I am thinking about a way to parse a fasta-file in parallel. For those of you not knowing fasta-format an example:
>SEQUENCE_1
MTEITAAMVKELRESTGAGMMDCKNALSETNGDFDKAVQLLREKGLGKAAKKADRLAAEG
LVSVKVSDDFTIAAMRPSYLSYEDLDMTFVENEYKALVAELEKENEERRRLKDPNKPEHK
IPQFASRKQLSDAILKEAEEKIKEELKAQGKPEKIWDNIIPGKMNSFIADNSQLDSKLTL
MGQFYVMDDKKTVEQVIAEKEKEFGGKIKIVEFICFEVGEGLEKKTEDFAAEVAAQL
>SEQUENCE_2
SATVSEINSETDFVAKNDQFIALTKDTTAHIQSNSLQSVEELHSSTINGVKFEEYLKSQI
ATIGENLVVRRFATLKAGANGVVNGYIHTNGRVGVVIAAACDSAEVASKSRDLLRQICMH
So lines starting with an '>' are header lines containing an identifier for the sequence following the identifier.

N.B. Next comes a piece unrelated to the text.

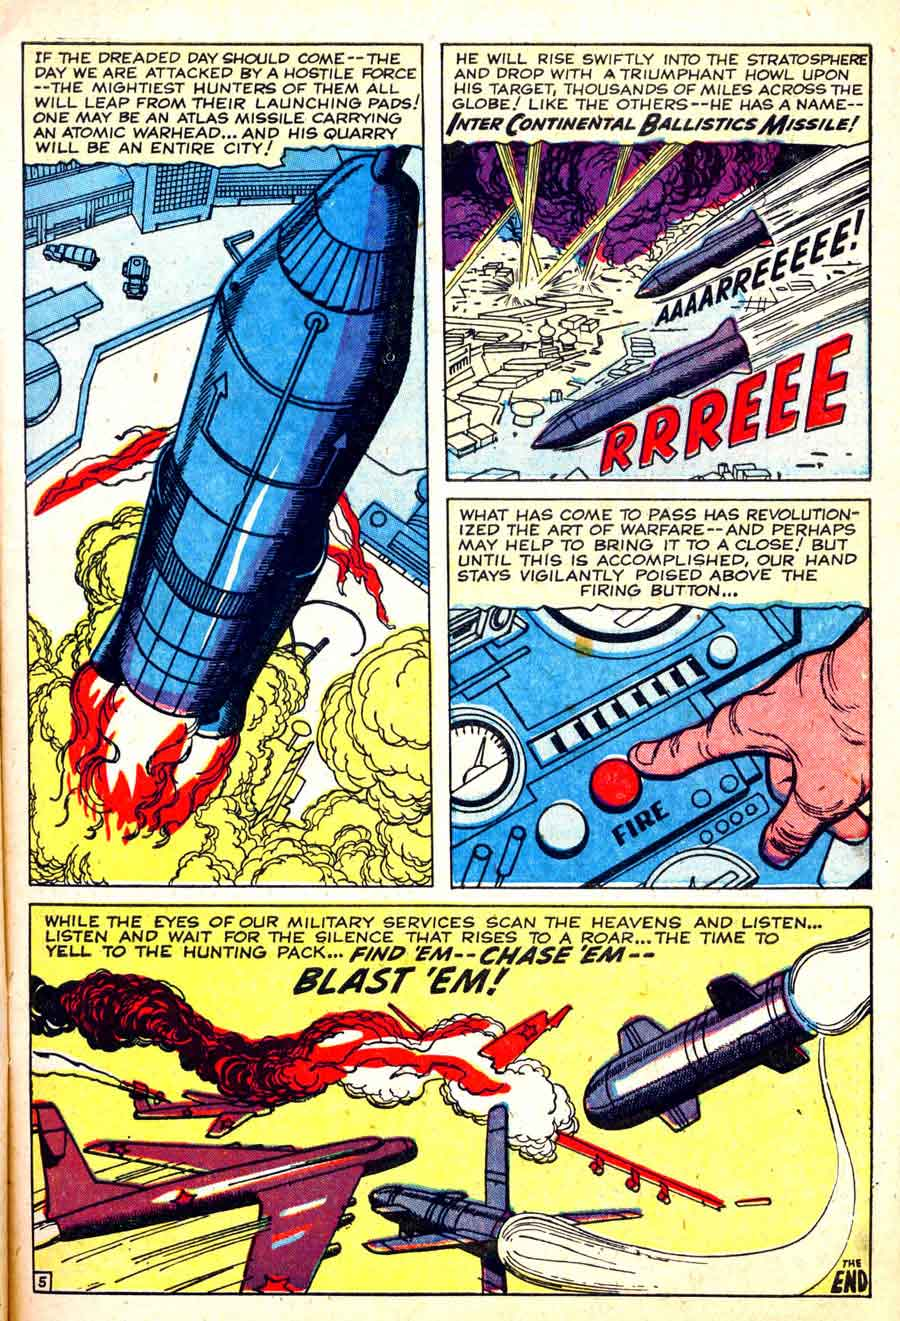 Jack Kirby silver age 1950s atlas war comic book page - Battle #65
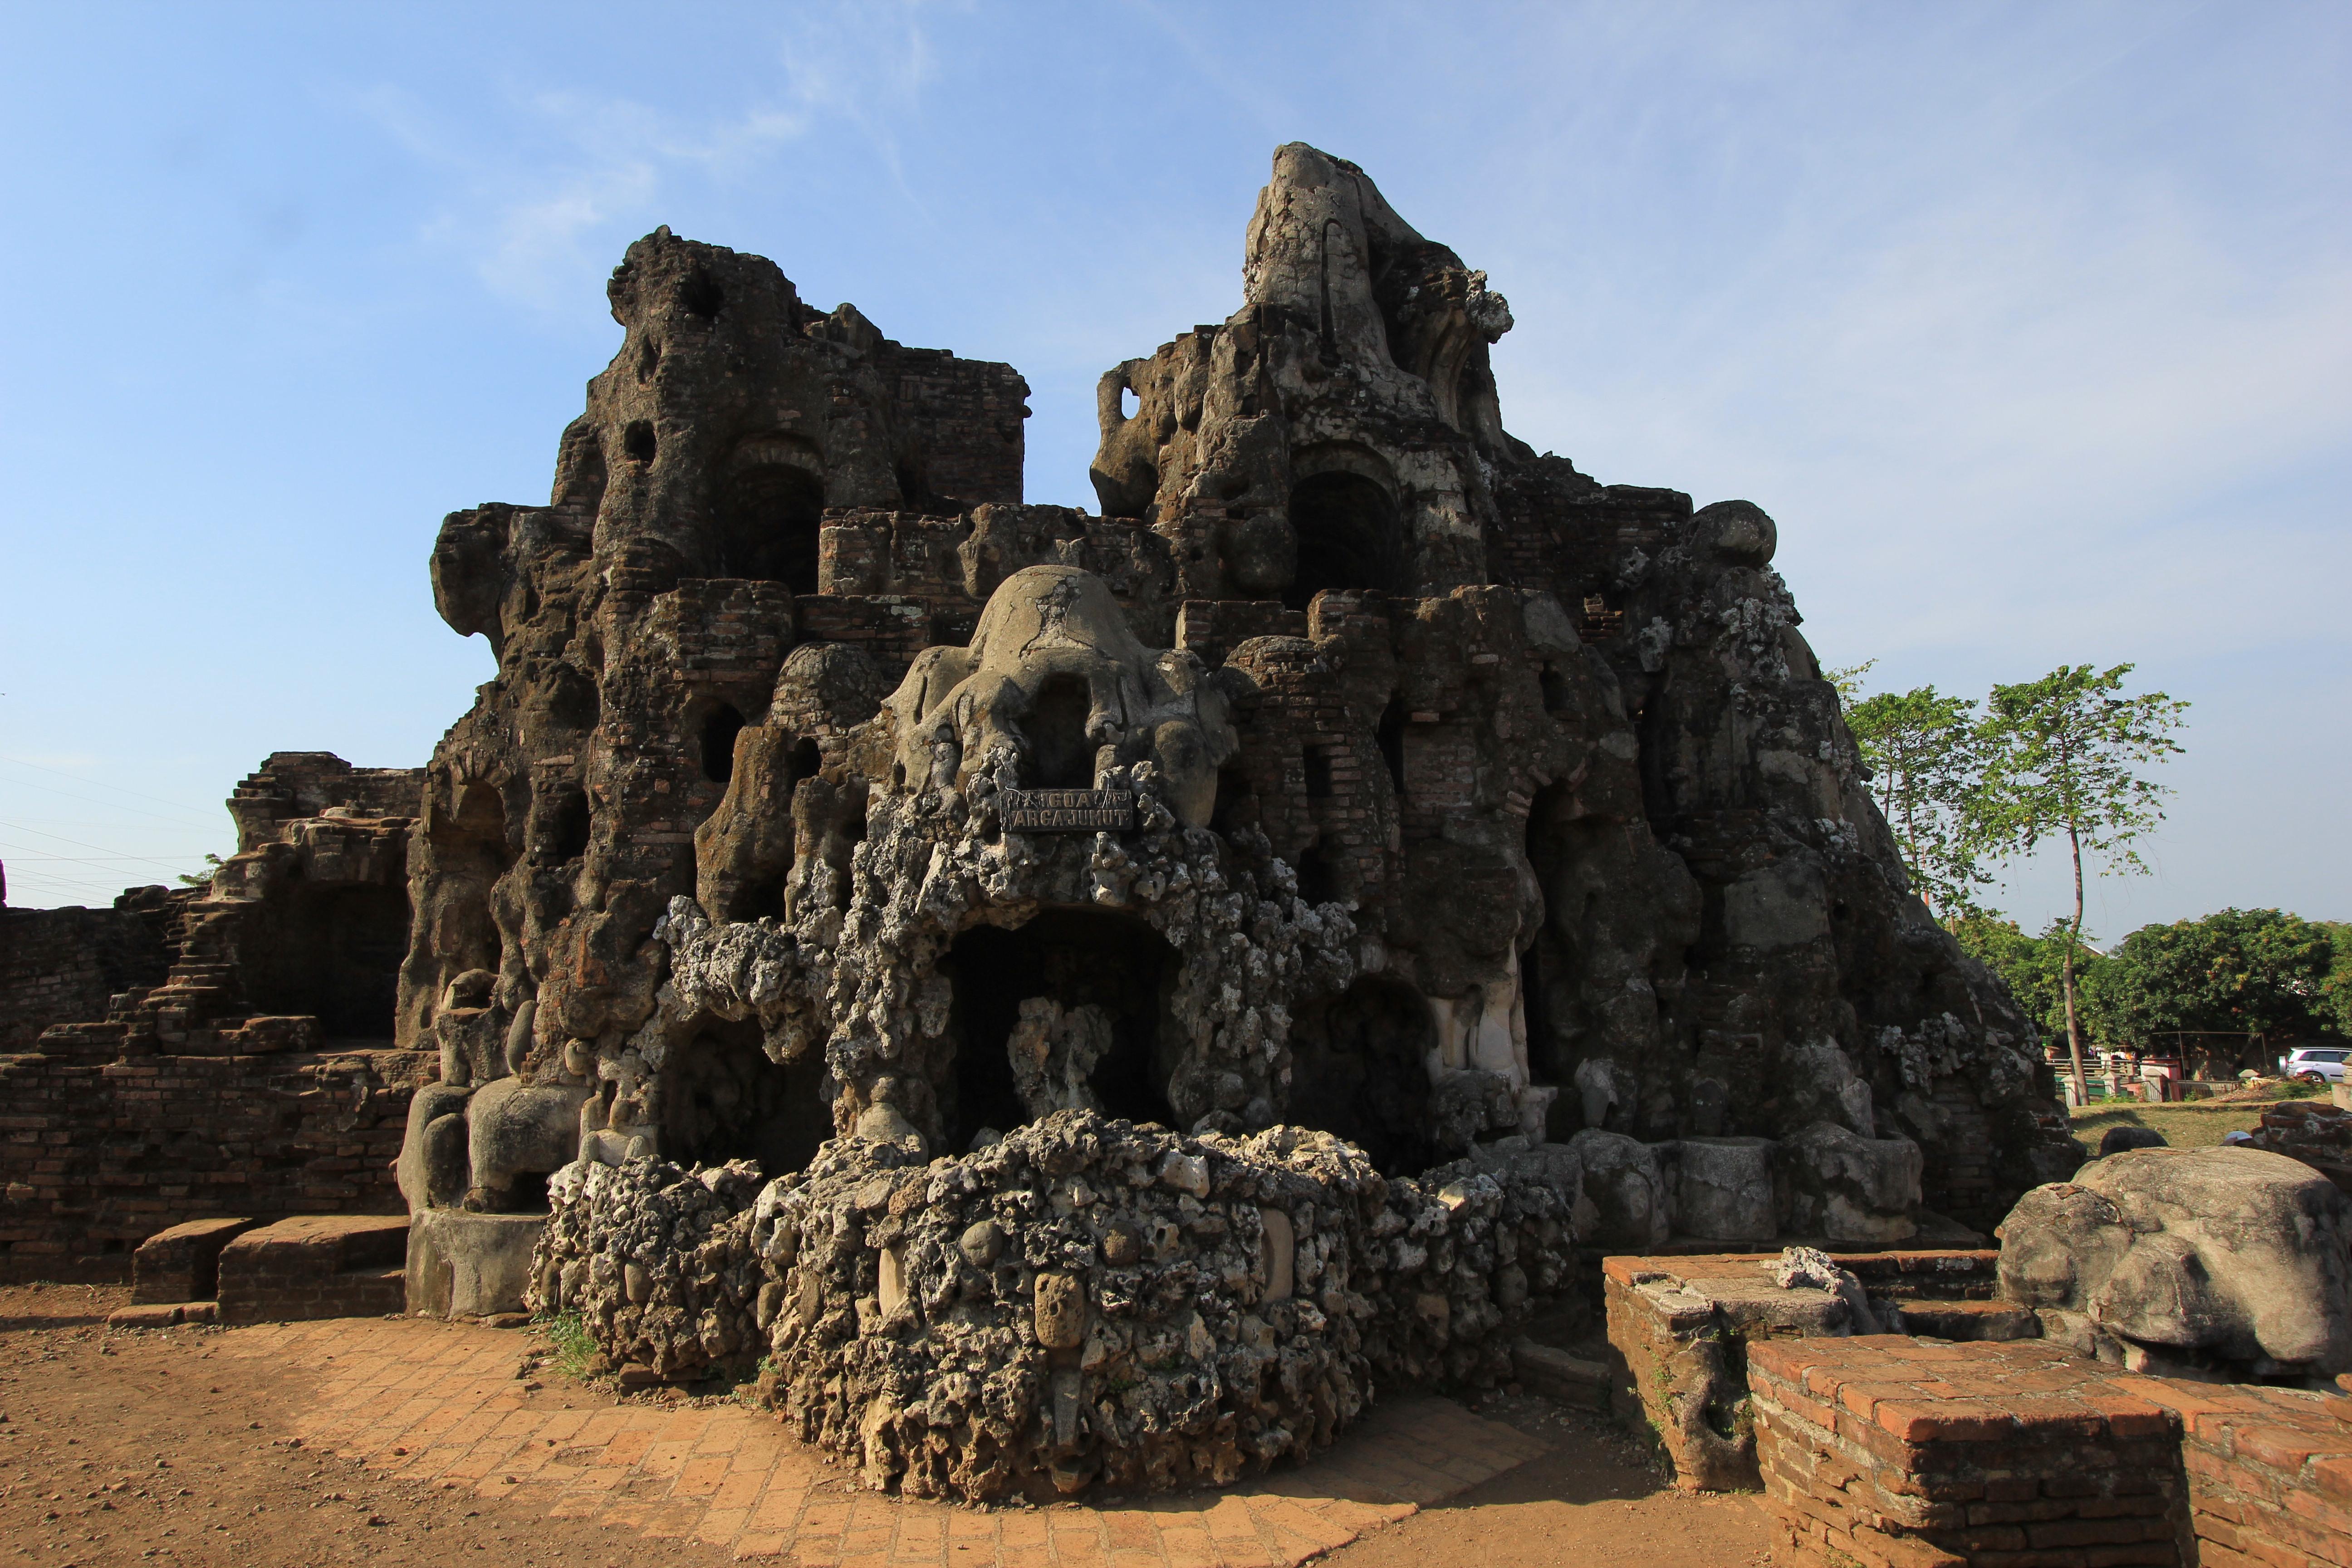 Sunyaragi Cirebon

I suppose you load the entire file to memory but after this i am having trouble finding a way to process these data.
The problem is: Threads can not start at an arbitrary position because they could cut sequences this way.
Does someone has any experience in parsing files in parallel when the lines depend on each other? Any idea is appreciated.